Аргунское пограничье в течение нескольких десятилетий превратилось из территории поразительно похожей на другие проницаемые территории на окраинах империй в плотно закрытую границу между нациями-государствами, хотя такое сравнение является весьма приблизительным. В начале ХX века Аргунский бассейн имел много общего с фронтирами разных типов империй, как континентальных, так и морских, где логистические сложности становились существенным препятствием для метрополий, лояльность фронтирного населения была изменчивой, а переход границы был образом жизни. Начиная с середины ХX века Аргунский бассейн приобрел множество сходных черт с Европой времен холодной войны, когда государственные границы между социалистическим и капиталистическим блоками превратились в линии военных укреплений и идеологического соперничества. Представление о соседней стране и ее жителях в результате растущего разобщения и усиления пропаганды стало все более одномерным и деперсонализированным.
Империи столкнулись с проблемой неопределенности, когда Аргунский бассейн переживал драматические трансформации, обретая все более четкие границы. Одна и та же граница может означать разное для разных участников и наблюдателей. Ясность безукоризненной линии на карте является фикцией. Для понимания неопределенности границ, различных сдвигов и поворотов в процессе их производства и различных форм их нарушений необходимо обратить внимание на множественность перспектив метрополий и самой локальности. Это следует сделать независимо от того, изучается ли случайный и размытый имперский фронтир, куда еще не полностью вторглась государственная власть, или строго контролируемая и символически насыщенная граница между геополитическими противниками. Таким образом, эта книга обратилась к старым имперским нарративам и к локальным представлениям о территориальности коренных народов, а также рассказала макроисторию когда-то самой длинной сухопутной границы в мире. Пространственно-ориентированная история, изложенная здесь, сфокусировалась на одном участке обширного пограничья – бассейне реки Аргунь. С этой точки на карте были рассмотрены как внутренние, так и внешние процессы. Посредством обращения к внутренней логике местности, ставшей сегодня восточным китайско-российско-монгольским треугольником, в этой книге была рассмотрена не только государственная политика по установлению и поддержанию российско-китайской границы в ее различных проявлениях. Внимание здесь также было сфокусировано на жителях пограничья, на множестве частных акторов, обладавших различным опытом и намерениями, которые появлялись прежде, если вообще появлялись, лишь на задворках исторических исследований.

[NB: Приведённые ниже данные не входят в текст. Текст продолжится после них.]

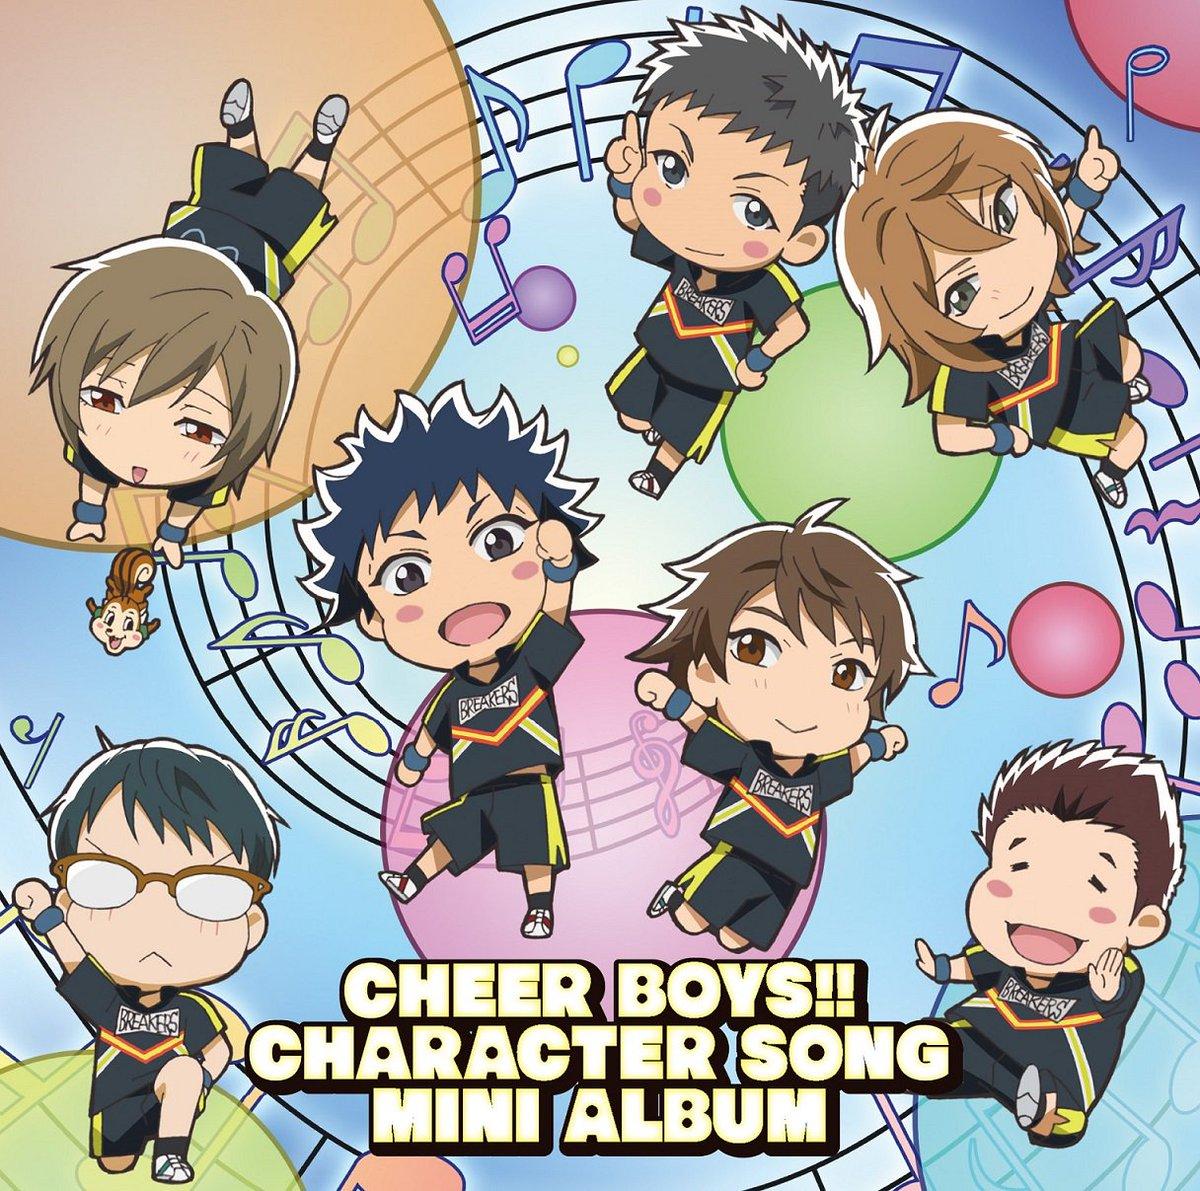 本日は『チア男子!!』キャラクターソングミニアルバムのフラゲ日!!初期メンバー7名によるキャラソン全6曲を収録しています

Рассматривая историю этой местности через автобиографические рассказы русских, китайцев и представителей коренных народов, а также посетивших эту местность иностранцев, поделившихся своими наблюдениями, эта книга бросает вызов работам по дипломатической истории и нисходящей интерпретации этого фронтира и пограничья. Услышав голоса кочевых скотоводов, ремесленников, торговцев и пограничников, признавая за ними роль исторических агентов и сопоставив их нарративы с повествованиями столичных элит, можно подтвердить тот факт, что судьба имперского фронтира и пограничья никогда всецело не решалась в метрополиях. Превращение аргунского фронтира в пограничье, свойственное национальным государствам, часто принимало неожиданные обороты.
Сети, стратегии и социальные идентичности населения пограничья сложно переплетались, выходя за пределы границы. Казаки, например, стремясь к самоопределению, становились разбойниками или эмигрировали. Служащие таможни подрабатывали, продавая на черных рынках товары, конфискованные у контрабандистов. Местные кочевые скотоводы ответили на вторжение метрополий миграцией через границу или стратегической сменой гражданства.
Подчеркнем, что не каждый человек был активным сторонником или противником государства. Однако даже подавляющее большинство пассивных или безразличных людей способствовало созданию, поддержанию и разрушению пограничных режимов. Их истории демонстрируют, что фронтиры и пограничье всегда были местами, от которых исходили как поддержка, так и сопротивление метрополиям. Таким образом, Аргунский бассейн стал средоточием взаимосвязанных событий, которые отразились на всей российско-китайской границе.